Но даже если нет. То… как?!

Новая попытка пошевелить мыслью в этом направлении вызвала только страх. Если с женщиной я еще имел представление как быть, то с мужчиной…

Я снова распахнул глаза, когда в мозг хлынул поток ассоциаций не слишком приятной наружности. Как я только не пытался оградить себя в прошлой жизни от экспериментов общества друг с другом, но редкие кадры извращений все-таки проскальзывали. Да и сослуживцы иногда в душевой попадались.

Ассоциации вызвали неприязнь. Неприязнь вызвала страх. И от этого страха я вновь сорвался и уставился на Альвина. Странно, но он в этой роли и своим видом не вызывал отвращения и отторжения. Наверное, задумайся я в иной момент, то счет бы его даже красивым. Не как женщина, влечение к которым по идее заложено в генетической памяти, и молотком вбивается обществом. Но как человек, чья внешность не раздражает своим перебором как в мужскую классическую брутальность, так и в чрезмерную женственность.

Альвин был гармоничен сам по себе. И на него эти отвратительные ассоциации не откликались.

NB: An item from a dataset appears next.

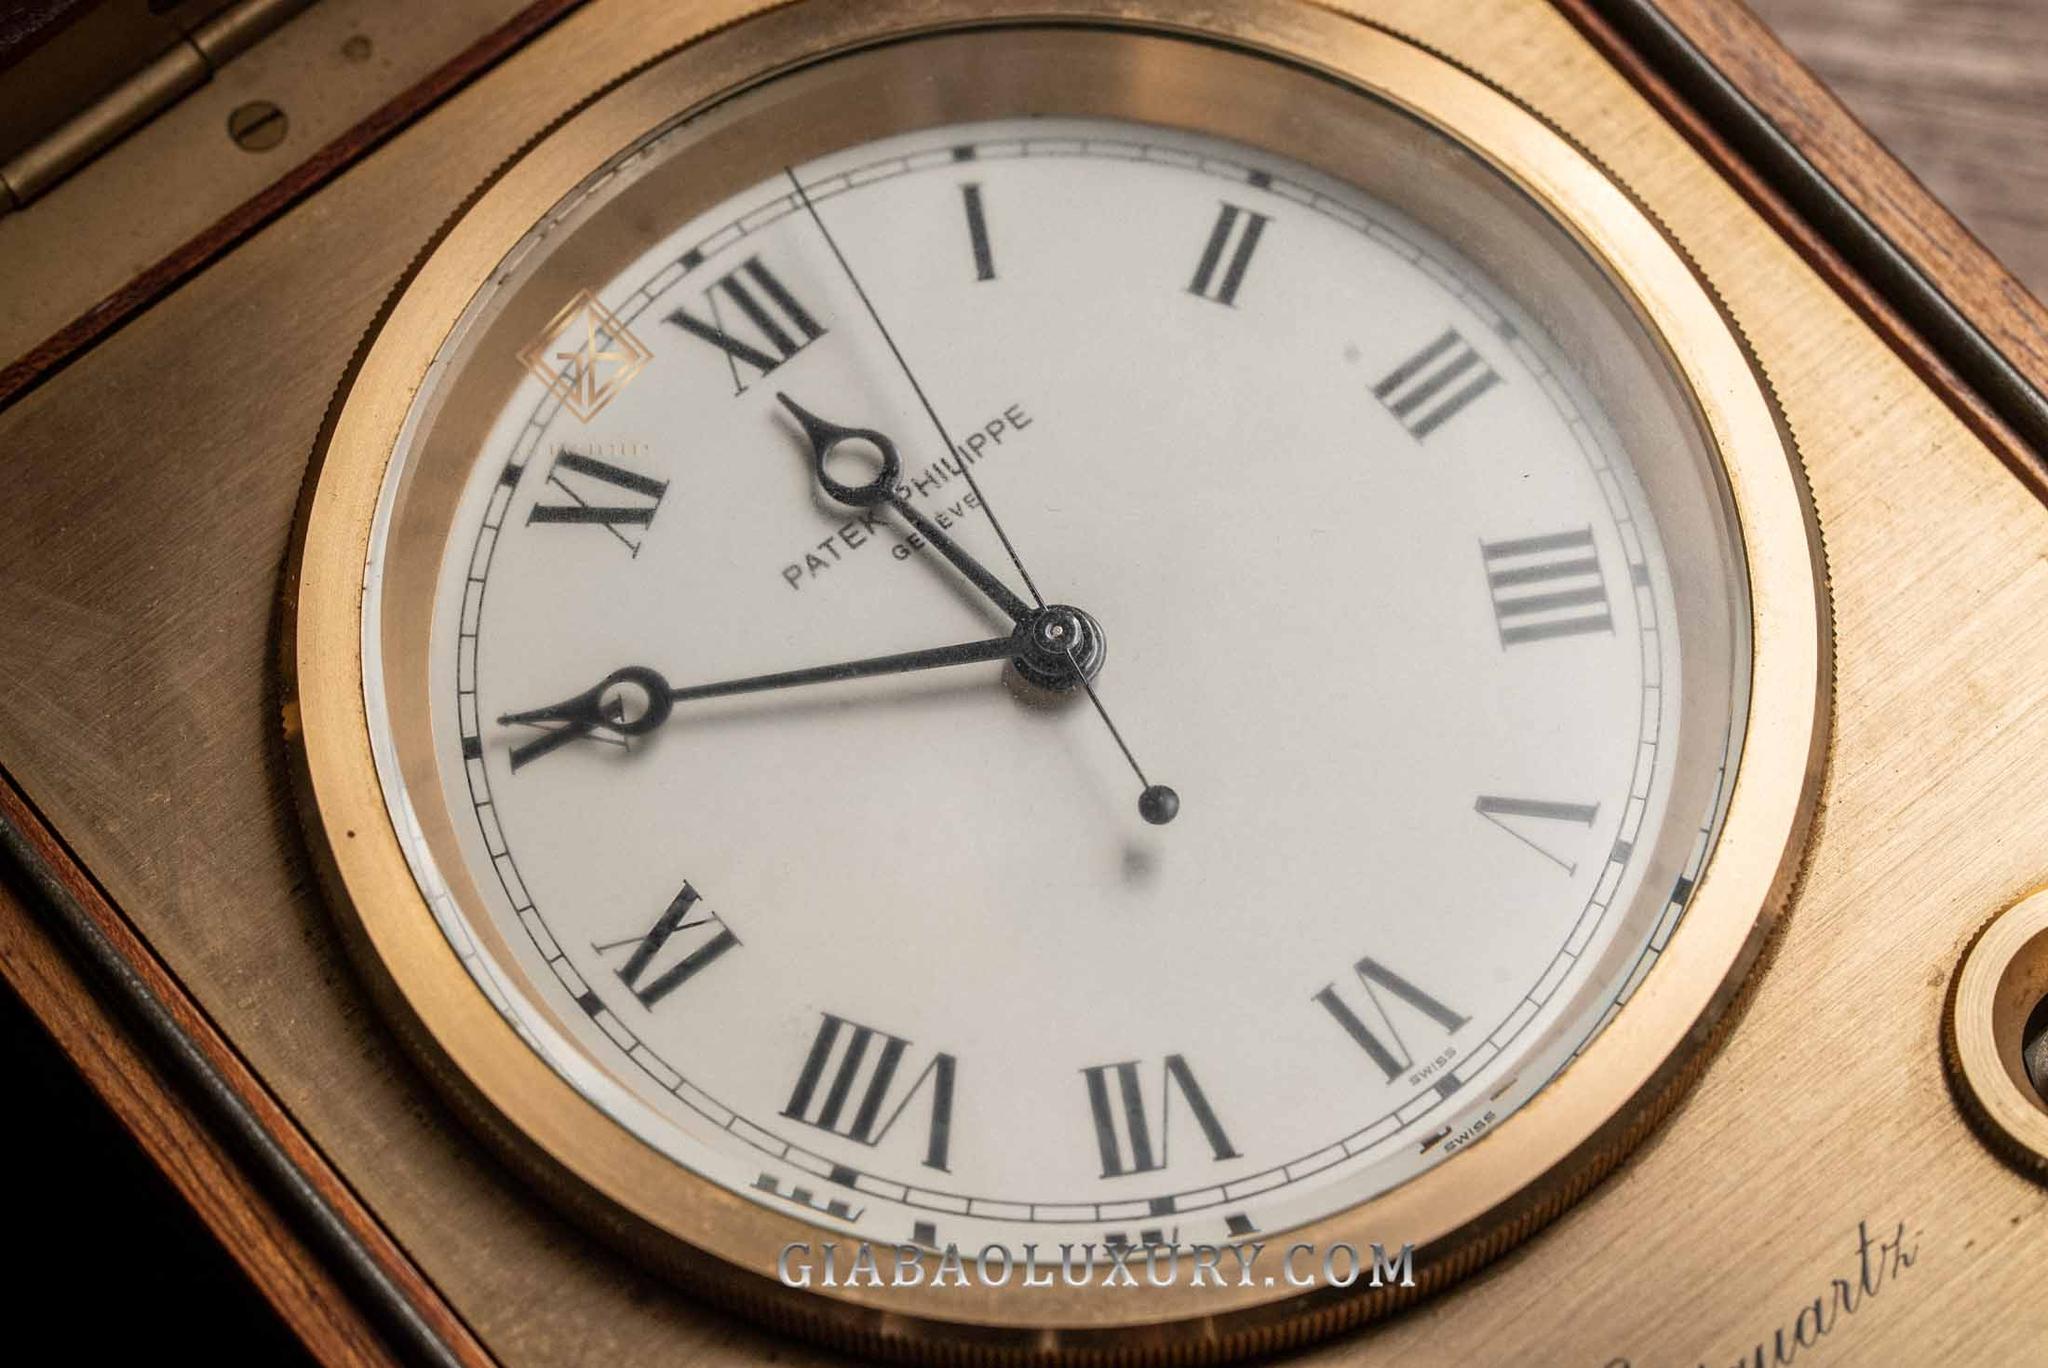 Đồng hồ Patek Philippe Naviquartz III 1215

“Не бойся. Я точно знаю, как тебе нравится, — сказал он, поцеловав мне живот. — Я слышу”.

Но потом как?!

Он не ответил на мое любопытство. Хотя какое это любопытство. Жалкий писк на грани разрыва между страхом и желанием. И чем дальше, тем больше побеждало желание — Альвин способствовал этому. Но когда мне казалось, что вот-вот он спустится с поцелуем еще ниже, он прервался и приподнялся вновь на руках. В тот момент я готов был придушить его, если бы он остановился совсем. Но он улыбался, коварно и с предвкушением, поддерживая меня в нужном для него состоянии. Казалось я сверлил его ненавистным и неудовлетворенным взглядом целую минуту, хотя мы поняли друг друга за пару мгновений. После чего он опустился на меня, придерживая за талию и водя руками по животу. А я только старался своевременно дышать, подстраиваясь в такт и глядя в бездонно голубые глаза отдавшегося мне существа, которому я позволил себя любить.

.

***

.

Красивые они. И оба мои.

Да, я знала, что двое мужчин могут выглядеть вместе красиво. Доводилось видеть и интересоваться как-то о жизни дворцовых мальчиков для удовольствий. Рабами они не были, как и не считались дорогими игрушками. Забавные и приятные в общении ребята, в быту хорошие собеседники, а в ветимском дворце — неотъемлемая часть украшения интерьера. Их хорошо было просить попозировать — никаких комплексов и стеснений. А иногда даже дразнили молодых учениц художественной группы, переходя с простого позирования на что-то более интересное им обоим.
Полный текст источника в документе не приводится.